# Engine Bay Detailing



## TOGWT (Oct 26, 2005)

*Engine detailing* simply implies cleaning the engine compartment and applying protective products to wiring, vinyl and rubber hoses and shields. It's not a difficult task, albeit the first time cleaning is a somewhat messy one. Then after the initial detailing it's just a matter of maintenance.

It's really an easy 45-60 minute task every 2-3 months, the benefits are to increase the resale value of the vehicle and also highlight any leaks that can be rectified prior to becoming a major service repair. A correctly detailed vehicle looks impeccable, both the exterior and interior of the vehicle, why not extend the same standard to the engine compartment?

To state that an engine compartment and components are weatherproof because they are in semi-open environment is a naive excuse for steam or high pressure washing (usually used to get the job done quickly as opposed to safely). The electrical and other engine components are made to be water repellent (very different from waterproof) providing the water is from a low pressure source; i.e. water migration from going through a puddle of water.

*Engine Compartment Steam Cleaning: *
High-pressure steam cleaning can force solutions into the engine harness sheath and associated cables, causing unusual problems that would not have occurred otherwise. Steam will subject the engine's electrical components to a higher pressure and heat conditions than they were designed or specified for. Once steam is applied to a cold metal surface it condenses and becomes water, which may migrate to places that it cannot be easily removed from.

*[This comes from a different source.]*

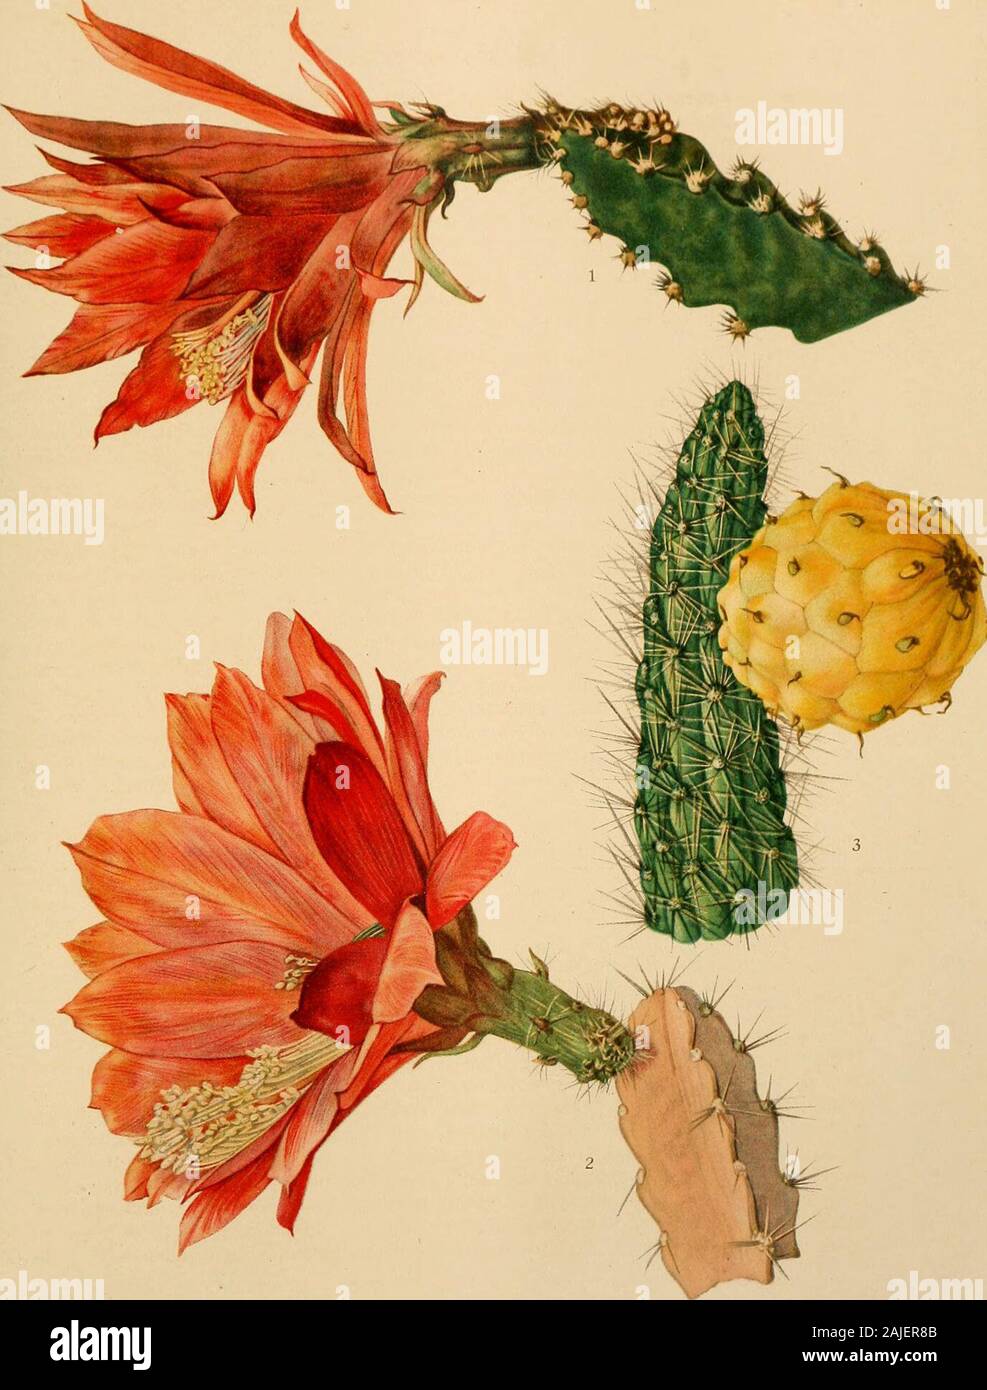 The Cactaceae : descriptions and illustrations of plants of the cactus family . .1837) as varieties of this species, as follows: var. curtisii, eugenia, guillardieri, ignescens,kiardii, lothii, and roydii. Among other named hybrids, Pfeiffer gave var. devauxii (Cereus devauxii Forster,Handb. Cact. 428. 1846). Forster (Handb. Cact. 428 to 431. 1846) also mentioned 66hybrids with this species, among which are: blindii Haage, colmariensis Haage, danielsiiHaage, edesii Booth, elegans Booth,finkii Salm-Dyck, gebvillerianus Haage, gloriosus Haage,hitchensii and its varieties hybridus and speciosus, Stock Photo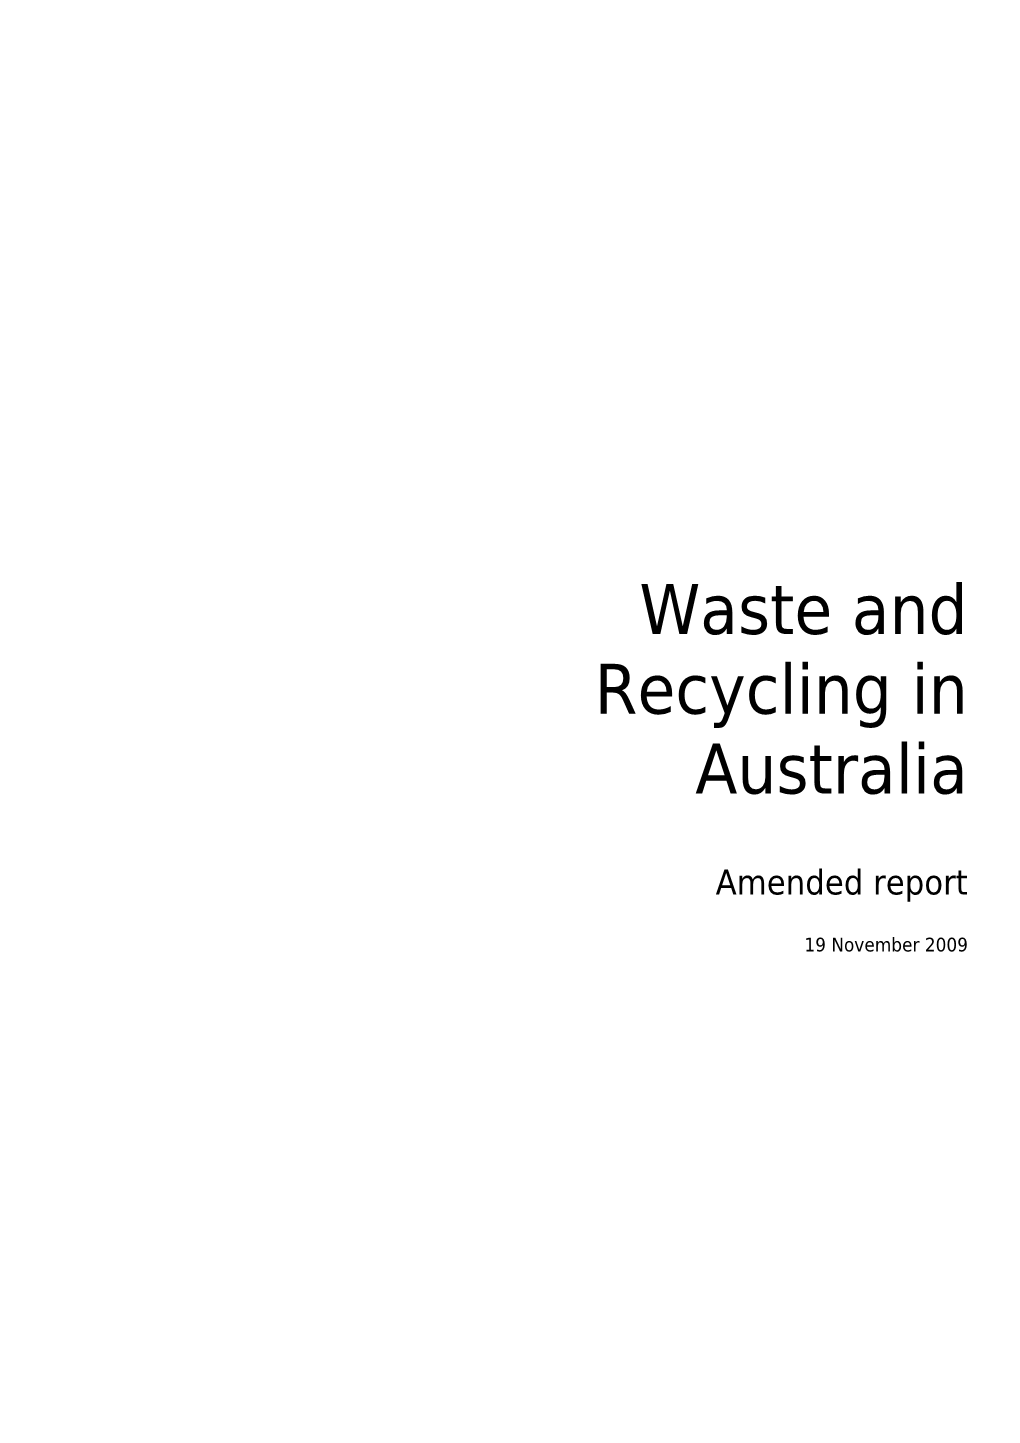 Waste and Recycling in Australia - Amended Report - 19 November 2009

Modern vehicle engine harness multi-plugs and related sealing measures are not designed for the discharge velocity and force of typical commercial steam cleaning units. Further, cleaning solutions with the high-pressure discharge can leave conductive and often corrosive residues deep within the harness and cables.

Most engines are rarely so encrusted with automotive residues and dirt that normal, low-pressure degreasing methods fail to provide proper, efficient cleaning. High-pressure engine water / steam cleaning are unnecessary and should be restricted to extreme cleaning jobs, such as commercial trucks, off-road vehicles, etc.

I would recommend wearing a pair of latex cloves while working on the engine compartment. Road grime, tar and grease are very difficult to remove from underneath your fingernails. Outside of the garage your hands shouldn't look like you need lessons in personal grooming

Do not use a solvent based product for engine compartment detailing as solvents have a low flash point and could start a flash fire in the engine, solvents also deteriorates and expands rubber, which may have a detrimental effect on belts and hoses.

*Recommended Cleaning Methodology:*
•Remove any excess debris, leaves and etc from the hood, grille or air-vent openings
•Spray electrical connectors with a water deterrent (WD40) which repels moisture (avoid spraying on belts)
•Use cling-film or Saran wrap elastic covers to cover any sensors, electrical black boxes, electrical devises that could cause an electrical short-circuits if subjected to water spray.
•This will not guarantee that you won't cause a problem when cleaning an engine bay but it will greatly reduce the risks.
•Start and run the engine to get it warm, not hot, this will enable the de-greaser to work more efficiently on a warm surface.
•Apply an engine de-greaser (Autoglym Engine Cleaner) or an all purpose cleaner (APC) without butyl cellosolve, P21s Total Auto Wash or Omni APC 10:1 concentrate - http//:www.autoint.com a light engine cleaning, or a solvent free, water based cleaner (Simple Green® Aircraft & Precision Cleaner) - http://industrial.simplegreen.com/ind_prod_ext_mor.php by lightly spraying the lower parts of the engine first and then working upwards.
•Enable the cleaner to work by allowing dwell time (but do not allow to completely dry) or to remain on painted surfaces, and be sure to dilute with water before drying with a cloth.
•For heavily soiled areas agitate with a nylon engine cleaning brush and a un-diluted d-limonene (citrus) based cleaner (P21S® Total Auto Wash)
•When the grease and grime is dissolved and you're ready to remove it, spray with a light (garden type) pressure water hose.
•To shine aluminium engine block / parts use # 0000 synthetic bronze wool - http://www.briwax-online.com/sswool2.html and a metal polish, English Custom Polishing - http://www.englishcustompolishing.com/usca/metalrestorer.html
•Use the blower side of a vacuum (avoid area that may be sensitive to a forced air flow) or allow the engine compartment to air dry and then thoroughly wipe down all accessible surfaces and then remove cling-film or aluminium foil.
•When everything is dry apply a vinyl/rubber protectant to hoses, shields and wires, and wipe engine parts with CD2 Engine Detailer or 303 Aerospace Protectarant
•Wipe off any excess with a clean cloth and apply a wax/sealant protection to painted surfaces.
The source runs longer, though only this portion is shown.